2000
#8,934
National surname rank
First available Census row
A German toponymic surname indicating someone from a place called Kropp, derived from the Middle Low German word "krop" meaning "hill."
According to the 2020 US Census Bureau surname tables, roughly 3,778 Americans carry the last name Kropp. That puts it at #9,447 in the national surname ranking, appearing at a frequency of 1.10 per 100,000 people (about 1 in 90,724 residents).
This page is the full Name Census profile for the Kropp surname. You will find the Census Bureau frequency data, a multi-census history view, an ancestry and ethnicity breakdown based on self-reported demographics, the name's meaning and origin where available, and answers to the most common questions people ask about this surname.
Bearers in the US
3.8K
1 in 90,724
Census rank
#9,447
2020 decennial data
Per 100,000
1.1
Frequency rate
Recorded bearers
3.3K
rare in the US
Popularity narrative
The Census Bureau recorded 3,295 bearers of the surname Kropp in its 2020 decennial surname file. At a rate of 1.10 per 100,000 residents, it holds the 9447th position in the national surname ranking.

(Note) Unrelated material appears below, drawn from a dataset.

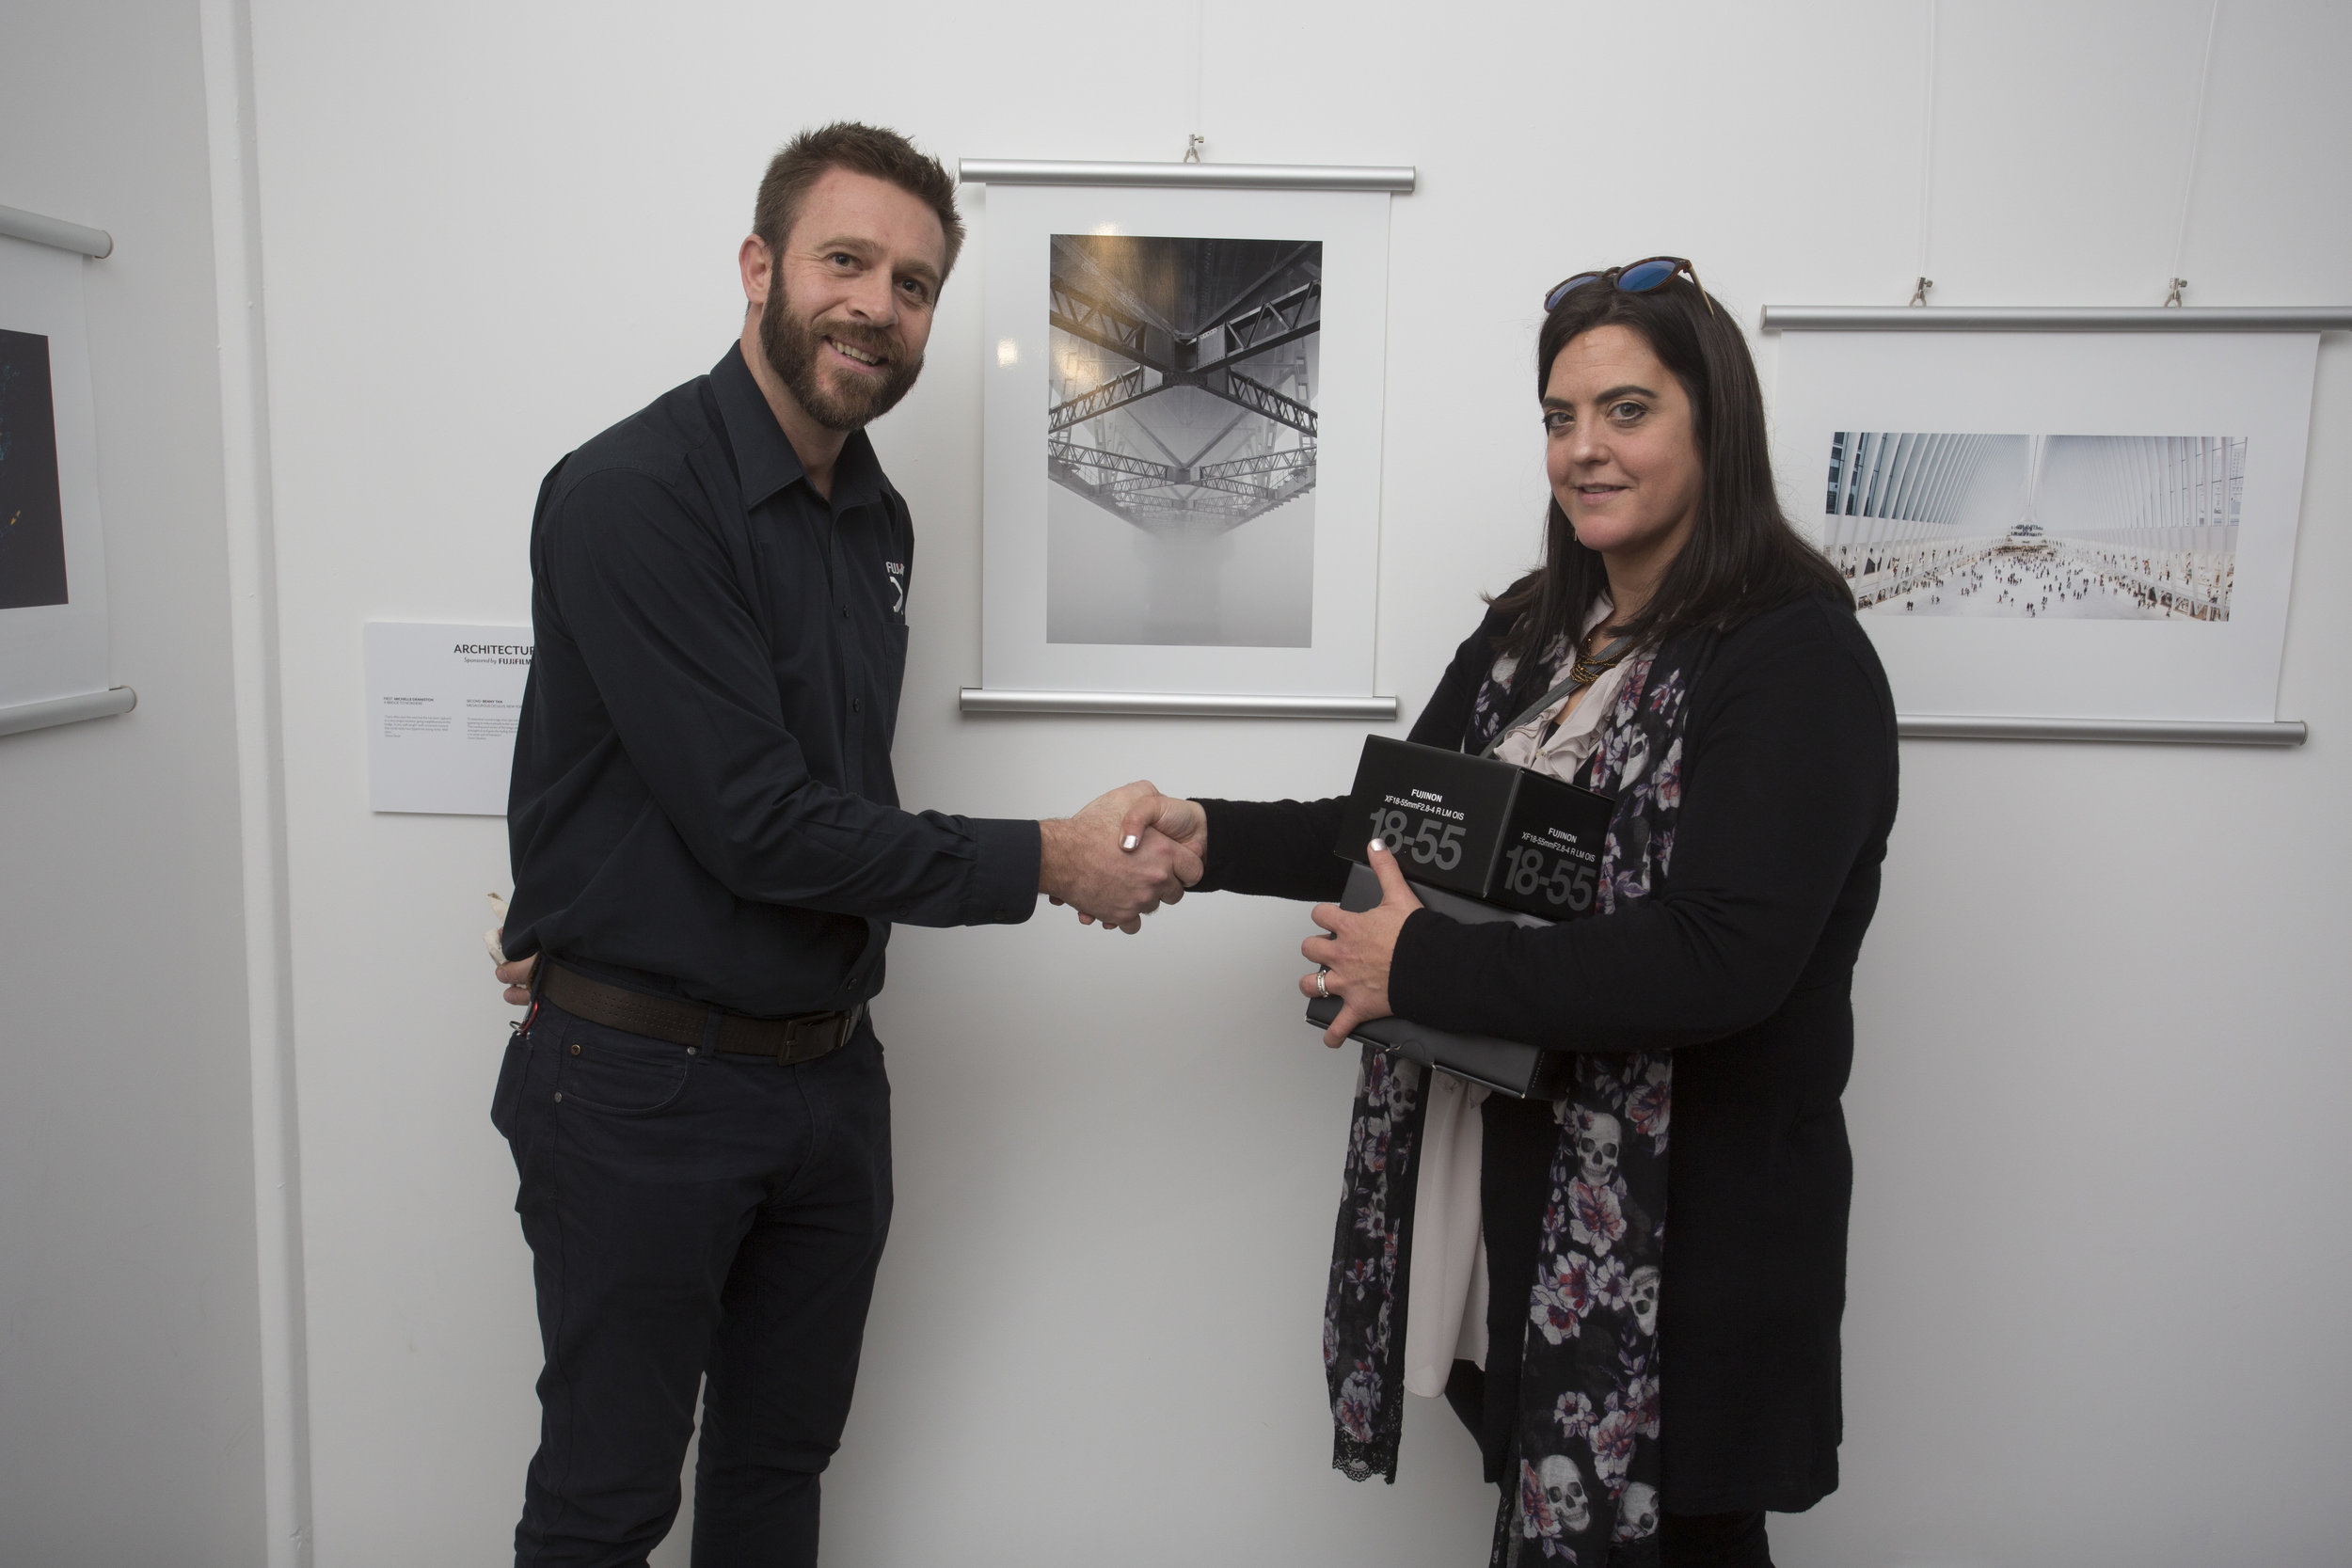  Ira Swales from Fujifilm congratulates Michelle Denniston, who achieved first place in Architecture

Among Census respondents with the surname Kropp, the largest self-reported group is White at 92.7%. The next largest groups are Hispanic (3.1%) and Two or More Races (2.5%).
Origin
The surname KROPP is of German origin, with its roots traced back to the 14th century. It is believed to have originated from the Lower Saxony region of northern Germany, where it was likely derived from the Middle Low German word "kropp," meaning "body" or "torso."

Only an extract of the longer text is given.